一人部屋に取り残されたリン。予想外すぎて、目をパチパチとしていた。
「あれ? あんた誰?」
部屋の前にいた男に話しかけられた。この男は鼻を怪我している。
リンがゆっくりと、目蓋を下ろす。
『お前はそこにいろ。片付いたら迎えにいく。絶対にそこにいろよ』
ヒョウの言葉。リンにとって、ヒョウの言葉は絶対だった。だが――
いつの間にか下ろしていた目蓋。開いた。
立ち上がり、鞄を背負う。出ようとしたその前に、一度立ち止まって、テーブルの上に置かれた、水の入ったコップに目をやった。
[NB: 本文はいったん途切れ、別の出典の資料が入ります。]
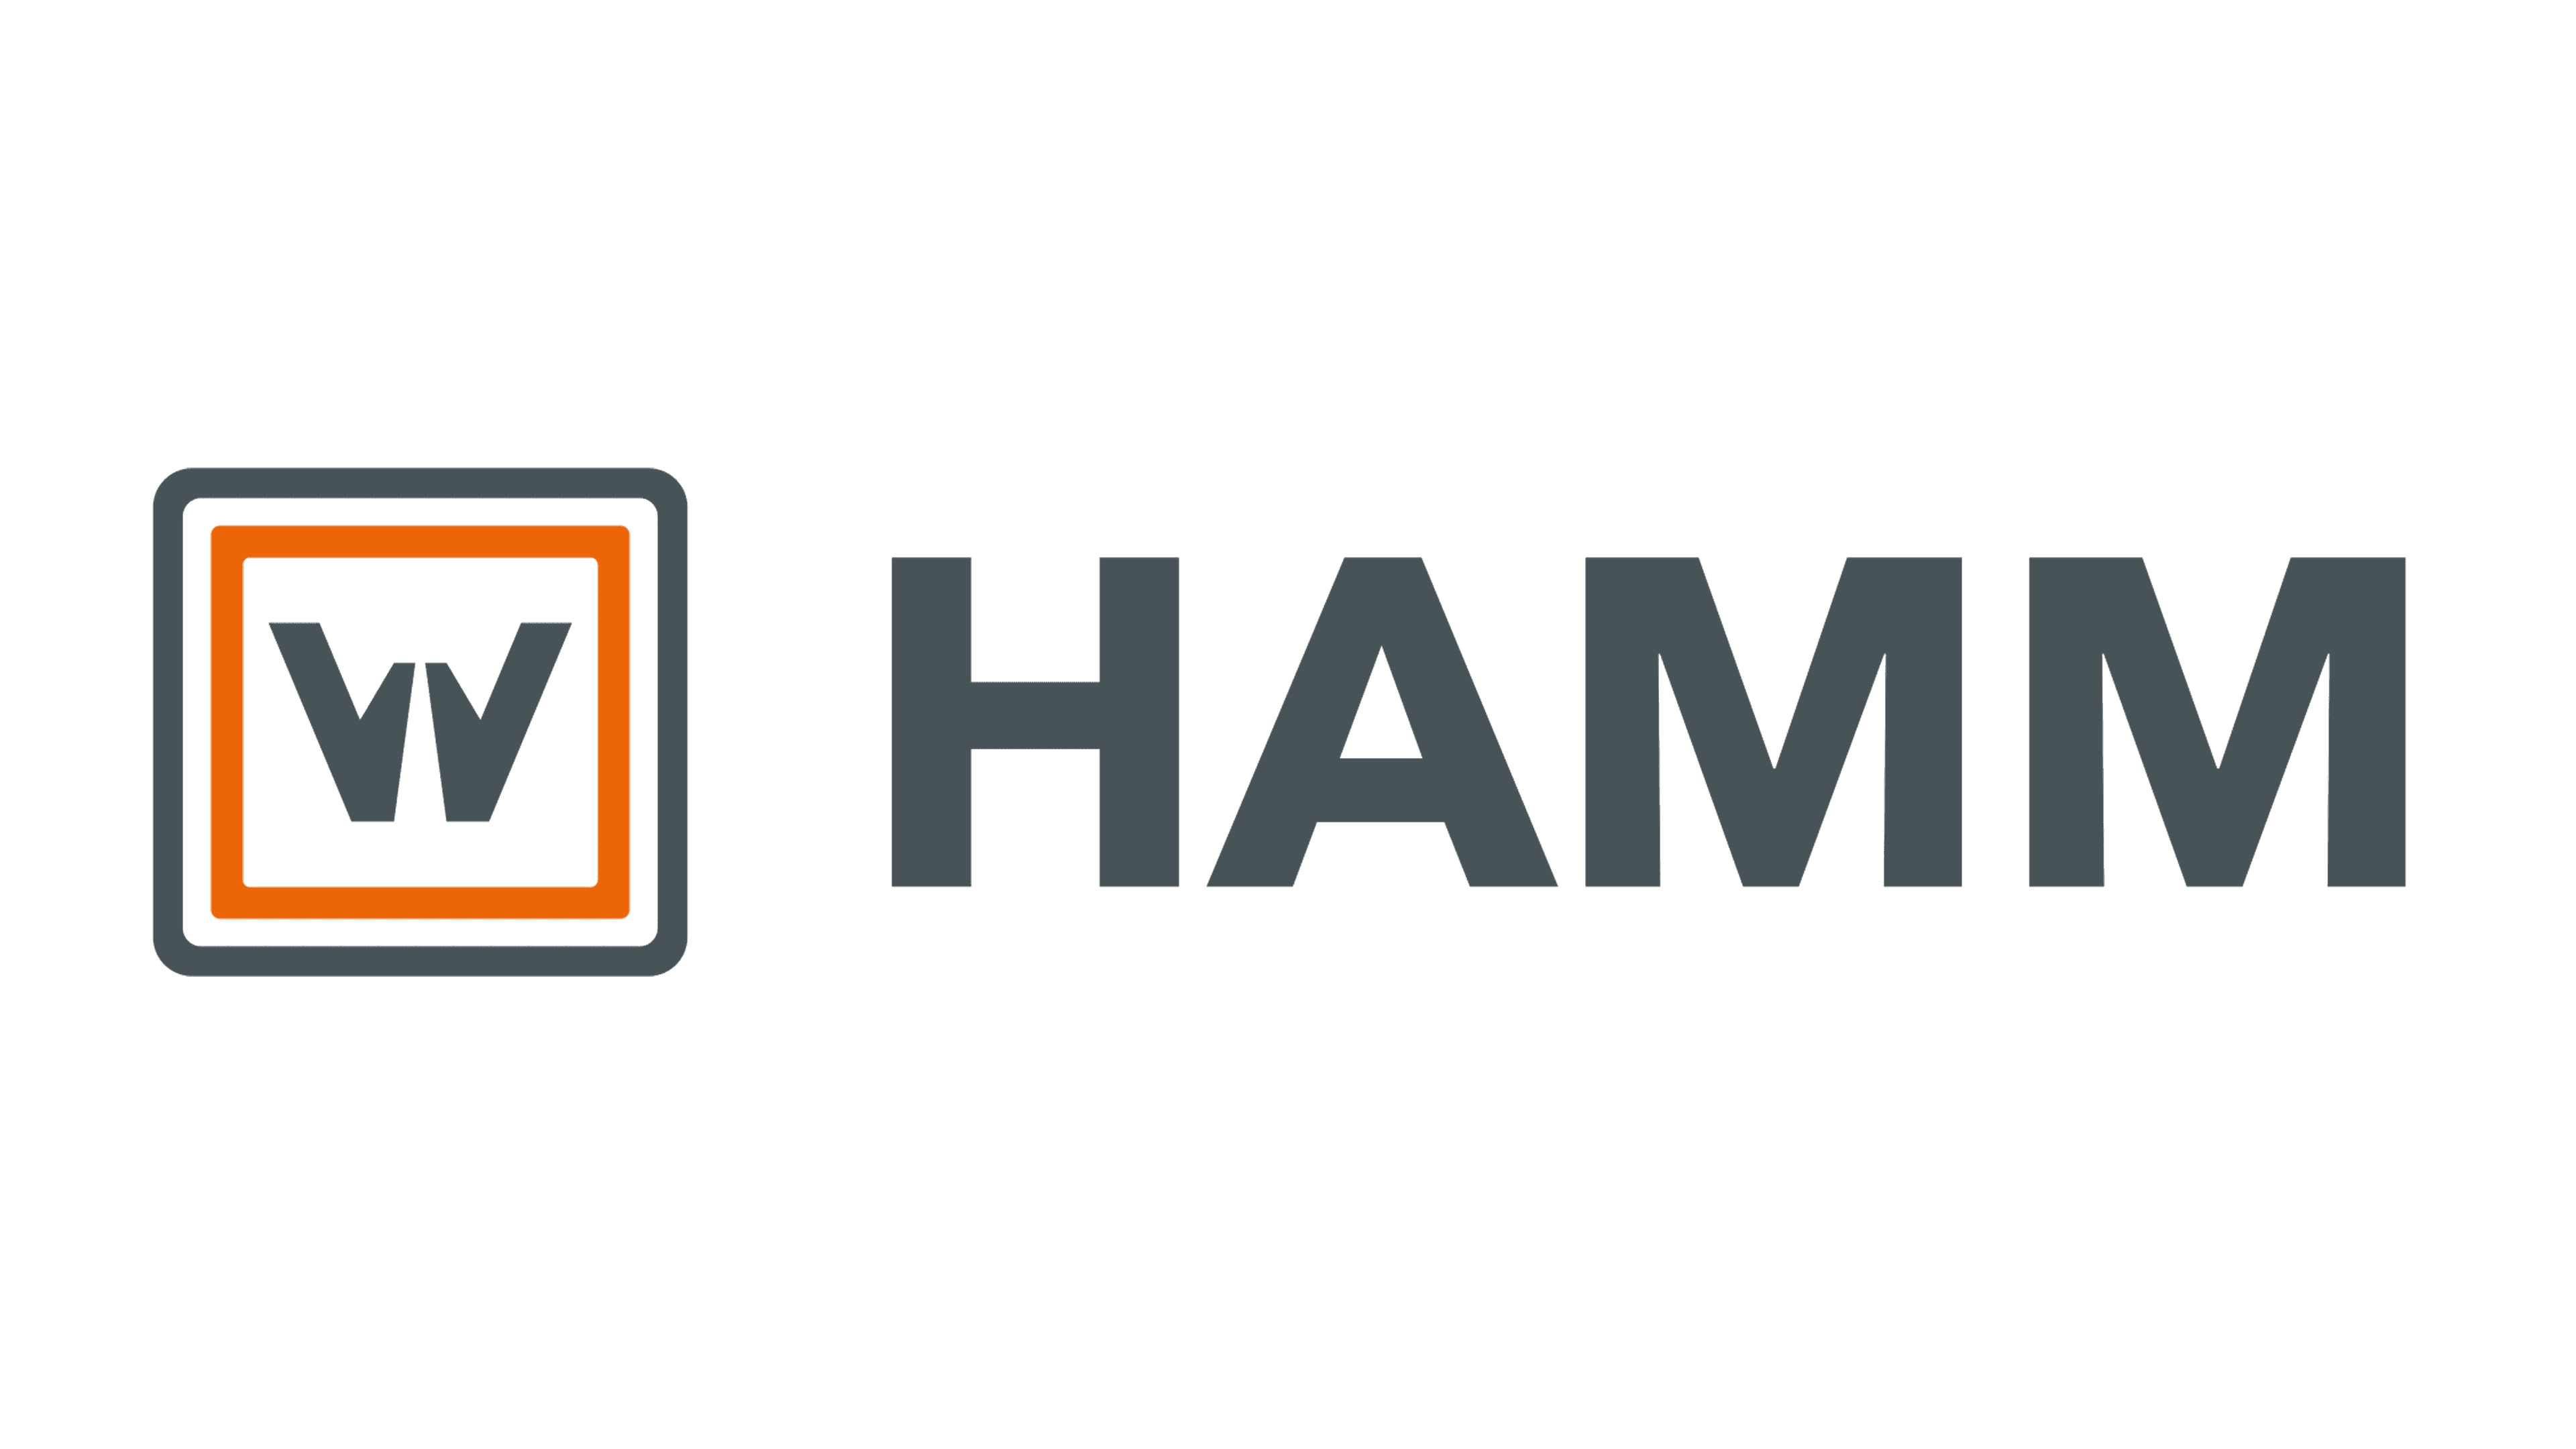 Logo Hamm

手に取り、一口で飲み干す。それをテーブルの上に戻して、部屋から飛び出る。
「クシムさん。お水、ありがとうございました!!」
店の中を突っ切りながら、礼を言った。
「え? あ、ああ」
クシムの空返事が、鈴の音と混じって消えた。
店を出て、手摺りに手をかける。
マルコ。真っ暗な路地裏を駆けていた。
遅い。リンは手摺りに足を駆け、跳躍した。
足をつけ、駆ける。飛脚法は用いなかった。飛脚法は性質上、ペースを落とす方が難しい。その代わり、正面からくる風を、魔力誘導で殺しながら駆けていた。この歩法のことを、烈脚法と呼ぶ。
瞬く間にマルコと並んだ。
「どこですか?」
「はぁはぁ、あぁ!? って、ええ!?」
自分の最高速に悠々と並ばれ、マルコが驚愕の声を上げる。何よりリンが走っている場所は、隣の塀の上だった。
リンは無表情で、息さえ切らすことなく、口を開いた。
「先行します。場所を教えてください」
「だ、誰が、ぜぇぜぇ、お、お前なん――うお!!」
無駄に口を割らないマルコ。リンは塀から飛び降り、マルコの足を躊躇なく払った。転げそうになるマルコを、リンが抱き抱え、跳躍した。
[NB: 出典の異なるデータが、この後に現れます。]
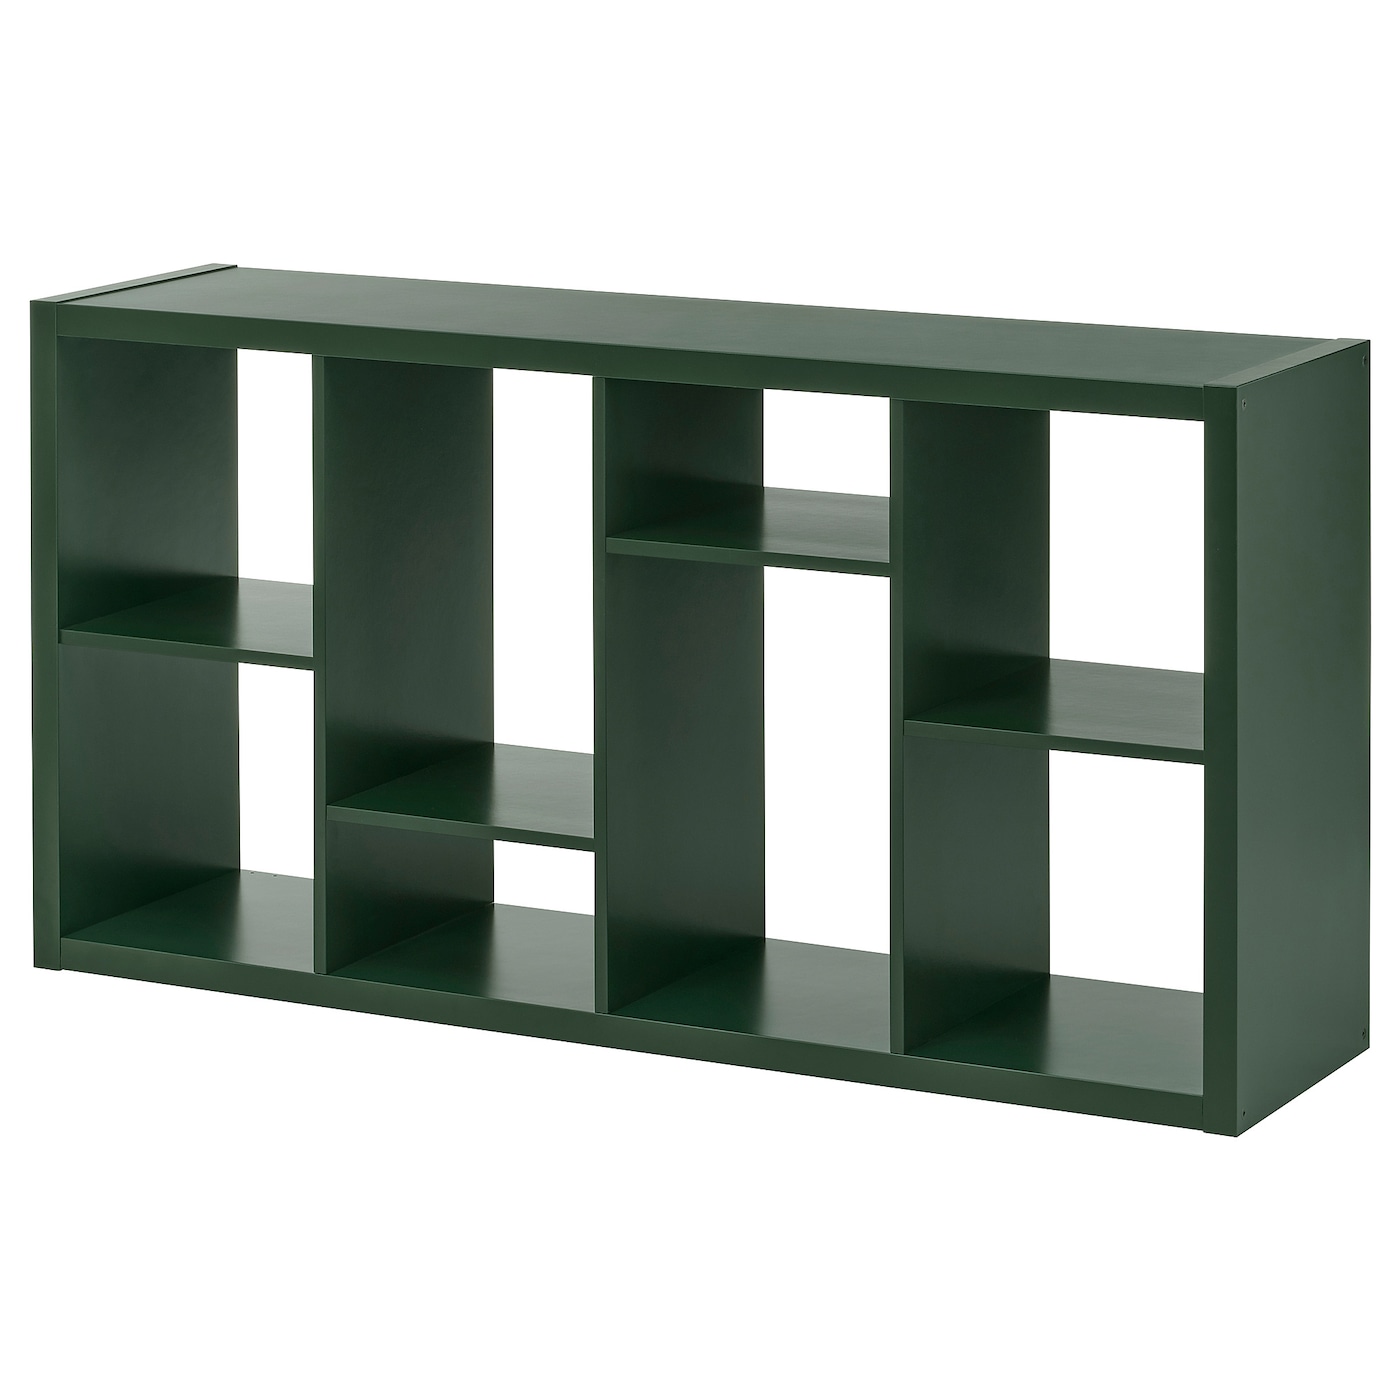 Книжный шкаф - KALLAX IKEA/ КАЛЛАХ ИКЕА,  147х77 см,  зеленый

飛脚法。リンは本来縦の飛脚法が苦手である。前回競技として飛べた高さ五メートル三十。それが自己の最高記録でもある。しかしそれはあくまで競技の中での話。実践ならば話は変わる。
リンは家の塀を蹴り飛ばし、もう一方の家の壁も蹴り飛ばし、前回飛んだ高跳び棒の高さを遥かに超える飛脚法を見せていた。
「場所を。あたしの方が早いので」
「――お前は、あの兄貴の妹なのかそうじゃないのか、よくわからねえ奴だぜ……」
状況も忘れて笑い、マルコが言った。
◇◇◇◇◇◇◇◇◇◇◇◇◇◇◇◇◇◇◇◇◇
夕日が沈むころ、ネイファは家に帰ってきた。特にどこで何かをしていた、というわけではなかった。ただ河原でボーっとしていただけだった。
「やっと帰ってきたね、ネイファちゃん」
ネイファが振り返る。そこにいたのは、アイクだった。手を後ろに回している。